In Britain’s inflation crisis, healthy diets are a casualty

7 comments
  1. Not sure I’m convinced by this. Fresh vegetables etc are actually relatively cheap still despite inflation. Just yesterday I made a huge batch of Tuscan bean stew, 8 generous adult portions for under £5 total.

    In a few days I will be batch cooking around 15+ generous portions of (vegetarian) beef ragu for around £8 this can go into lasagne/bolognese etc using pennies worth of pasta and 4 part baked ciabatta from heron foods for 60p to help bulk out the meal.

    There are many many health and cheap meals that can be made it’s just people are drawn to the convenience of chucking a load of beige into an air fryer or ordering takeaway.

  2. This is such a false savings. Processed food is toxic, expensive crap.

    The price of gas to cook is really the problem. Processed crap is never cheaper than home made.

    7 meals of a £1 pizza? You could make a lasagne for £7 easily if youre happy to swap to something like turkey thigh mince for eg. Plus you only cook it once instead of 7 cooks of said pizzas.

    500g of turkey thigh mince is £2.65 on asda.

    Tinned tomatoes – 30p

    Red onion – 30p

    Chicken stock – can be free if you make it yourself by swapping from chicken breasts to bone in thighs which are £5perkg cheaper.

    Bechamel – £1 max, 50g butter, 50g flour and 500ml milk

    Lasagne sheets – 80p

    Whats that? £4.25? Call it £5 if you include a stock cube.

    Then we’ve got £2 left for some garlic bread and peas alongside.

    Or make a bean chili, 3 tins of beans a tin of tomatoes stock and tomato puree for a massive batch of protein rich food for £3 total.

    Or make your own pizzas… flour, water, salt, tinned tomatoes, cheese. Pennies per pizza.

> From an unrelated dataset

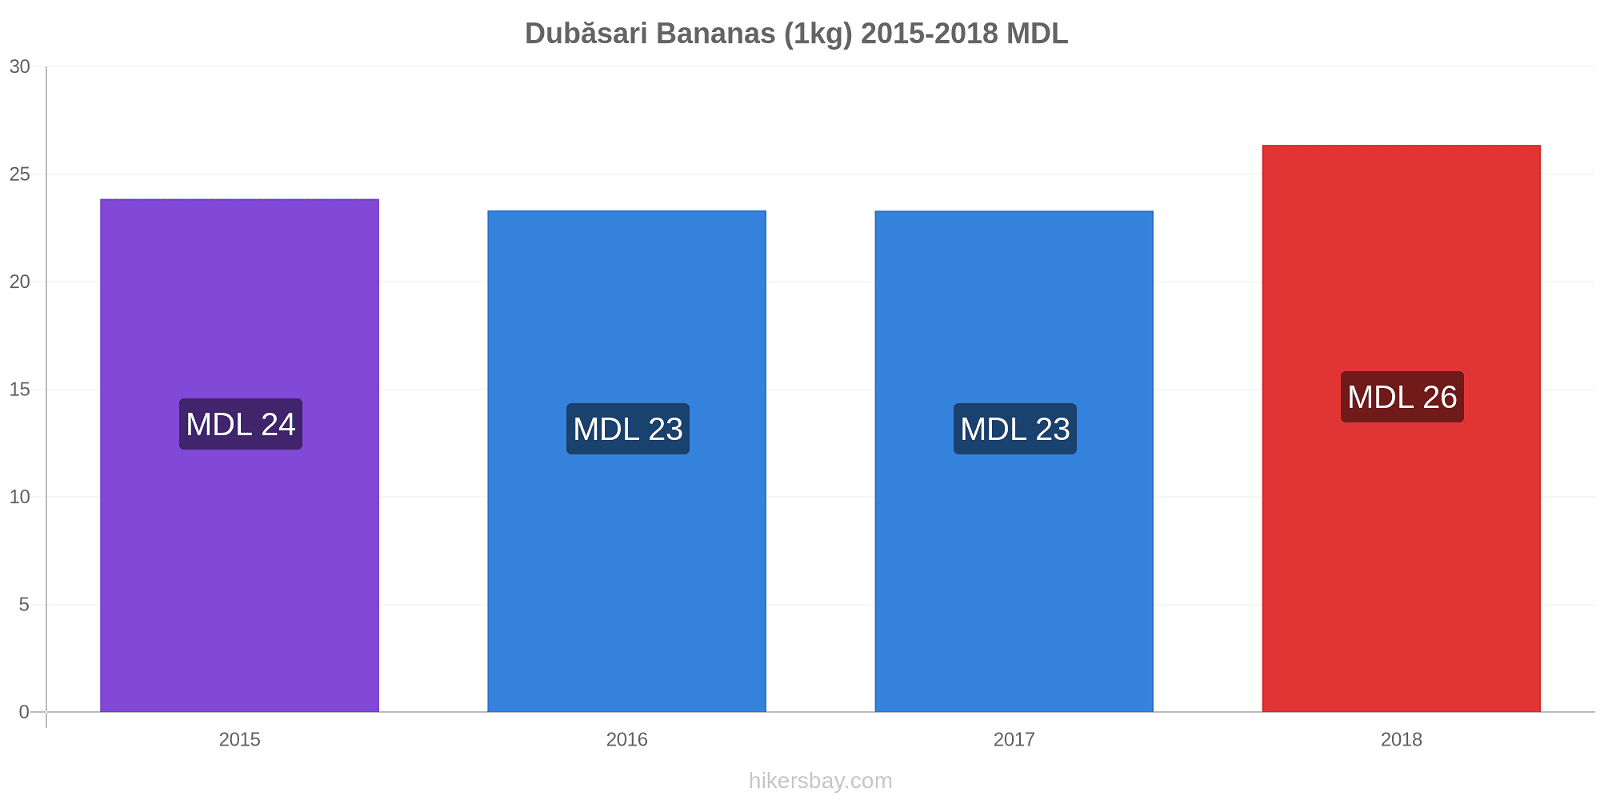 Dubăsari price changes Bananas (1kg) hikersbay.com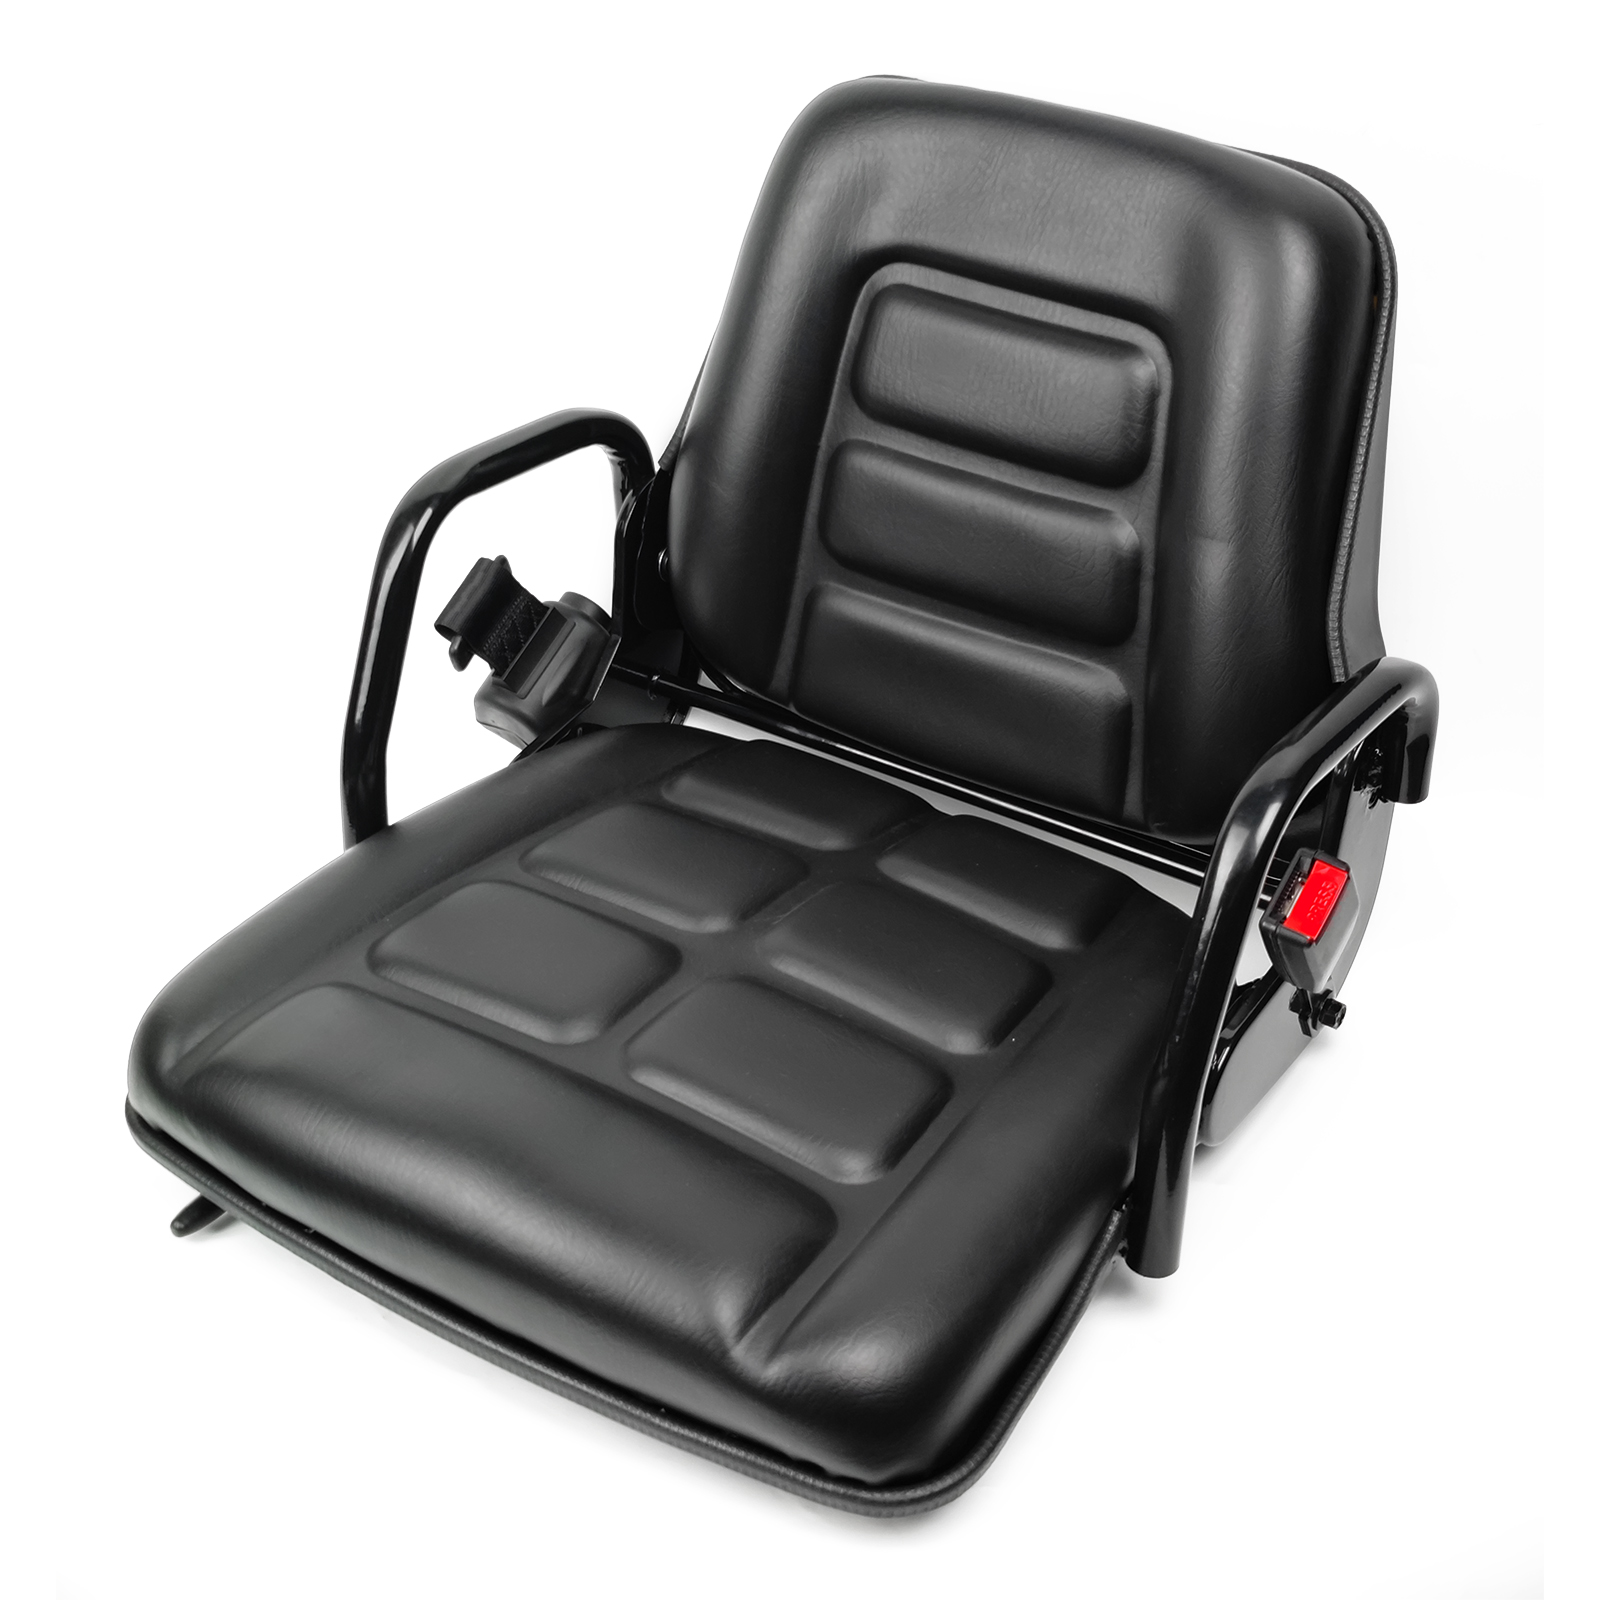 Forklift Seat with Integrated Steel Armrest Fold Down Backrest Fits Caterpillar Mitsubishi Doosan forklifts Featured Image

    And this is for real raw ingredients without ingredients lists as long as your arm.

    Plus with all the trimminga like celery ends, potato peels etc you make stock or soup…the value goes on and on from buying fresh veg as with no effort it contributes to another meal.

    In one day you could make a lasagne, a bean chili, tomato sauce for pastas and pizzas, a soup to freeze fot less than £20.

    Or make a curry instead and cook a load of rice to make an egg fried rice for lunch the next day with just cold rice, 2 eggs and a spring onion.

    Its literally never been easier to find how to cook with things like youtube. Entire channels designed for cheap meals. I went from literally not being able to cook, to being a damn good home cook 100% via youtube.

    Whats wrong with beans on toast? Jacket potato in the microwave with beans and butter? Porridge in the morning with some jam? Its perfectly possible to eat real and cheap. Scrambled or fried or poached eggs, mushrooms etc…

    The problem is brits as a whole are awful cooks.

  3. Reddit:

    Everyone is spending an enormous amount of time effort and energy trying to balance work/communting/life we’re physically exhausted and often have little energy or motivation to undertake social or strenuous activities. We have little money and also live in tiny living space with with little/no freezer space and can’t afford a car/don’t have one for environmental purposes.

    Also Reddit whenever the link between poverty and unhealthy food comes up:

    You’re just lazy bro! Make a detailed plan, go out regularly, find and buy a load of fresh food that spoils quickly, take time to research recipies and prepare large batches of meals and freeze them…

  4. Im depressed, i cant be bothered to cook a big batch, also from having batch cooked meals, they taste like shit being frozen. Anyone who says they are eating batch cooked food weeks or months later and notices no taste difference, they are lying.

    My diet consists of eating branston pickle and pilgrims choice mature chedder cheese sandwiches, with a pack of mccoys flame grilled steak crisps and either a blue ribbon or penguin bar.

    Healthy is super expensive and it doesn’t last long at all, at this point i don’t care if it gives me cancer or a heart attack in 30 years, i just want to live and not waste shitloads of fresh produce which i dont have the time or effort to utilise like a passionate chef.